There is only one child from the second marriage who has been invited it is the kids from his wife’s first marriage who have been excluded.

chillpizza · 02/01/2019 17:28

Maybe if people weren’t so quick to worry about their Beds being empty every night then the issues of blended families wouldn’t happen so much.

Op should be putting his biolocal children first.

Ops wife her biological children.

That’s where the problem lay, op apparently was quite happy to dump two of his in the end to keep her happy for hers.

I grew up in a blended family and will never myself put my children though it.

Myimaginaryreindeerhasfleas · 02/01/2019 17:37

Your wife is right. Your step children are part of his extended family and should be invited if other family children are. I’m not a big fan of childless weddings but if it’s a matter of economy I think your brother should be saying all kids or no kids.

Be prepared for your wife to remain hurt even if he rectified this. I’m not sure the damage will easily be fixed. It’s very important you show her that you have your priorities right.

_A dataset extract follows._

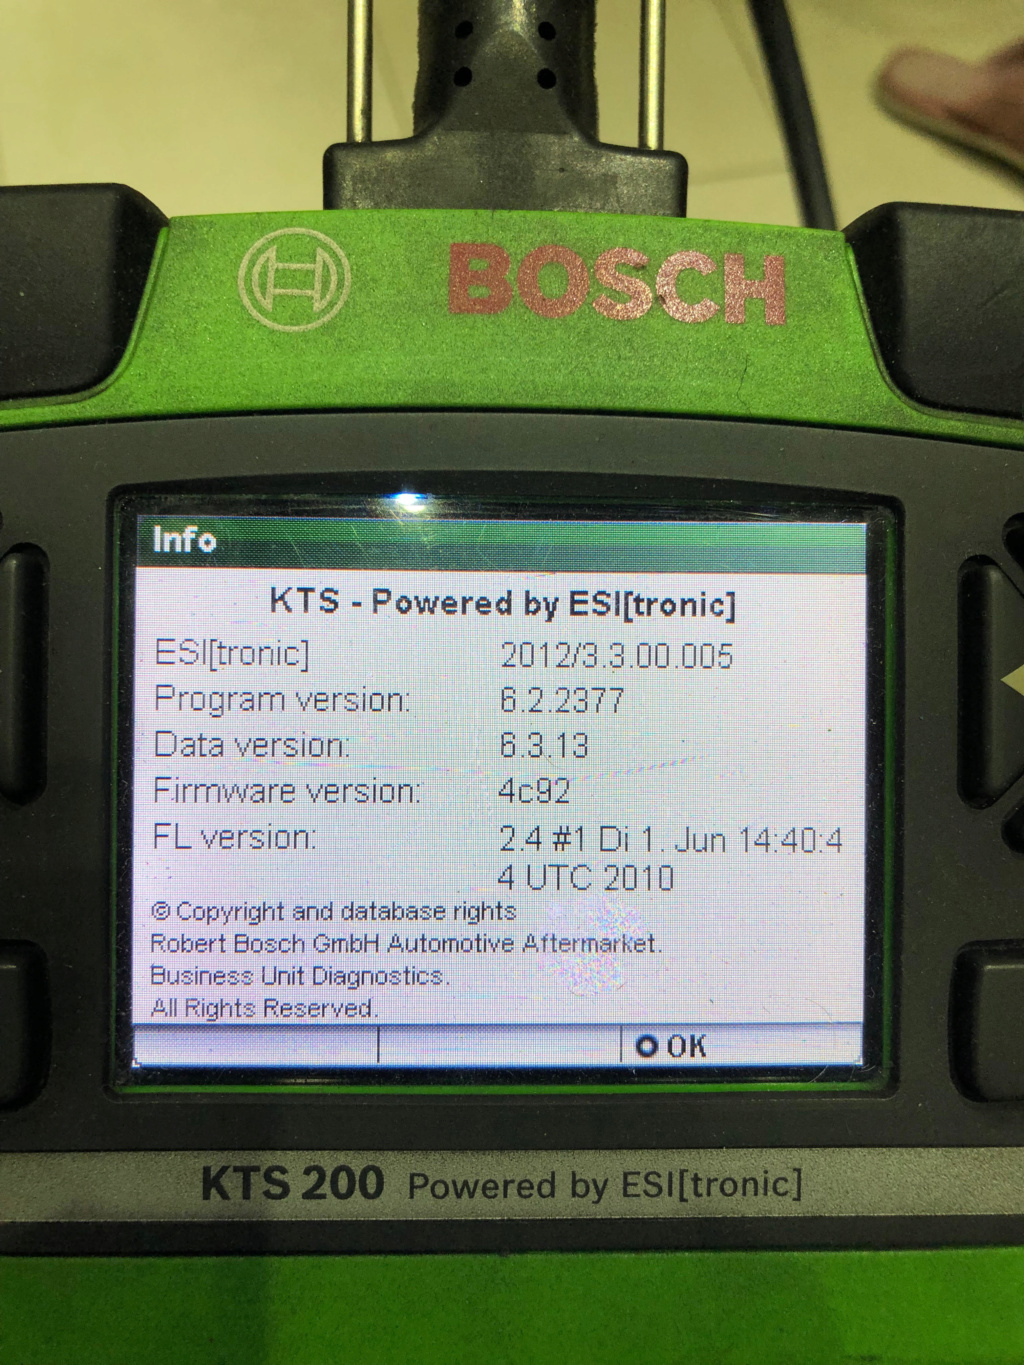 Bosch ESI[tronic] 2Q.2014 v1.0 UPDATE +Activation KEY FREE - Page 6 Unname10

Myimaginaryreindeerhasfleas · 02/01/2019 17:38

Sorry, x posted and missed your update.

Tessabelle1 · 02/01/2019 17:40

Absolutely appalling that your brother thinks this is OK! If it was me I'd be asking you not to go too and for the sake of your marriage I think you should abide by your wife's wishes

Kikipost · 02/01/2019 17:44

“Bro, i totally get your position re not wanting to offend people, guest lists can be equivalent of a hand grenade.
The problem is that but inviting my biological children but not my step children, that live with me, you are splitting my family in two. This isn’t a question of being offended. This is an issue that goes to the very heart of my family. Please would you consider inviting my step children.

TigerTooth · 02/01/2019 17:45

Just tell your kids that he's invited them but not your other kids so you'd prefer it none of your kids went. Attend on your own.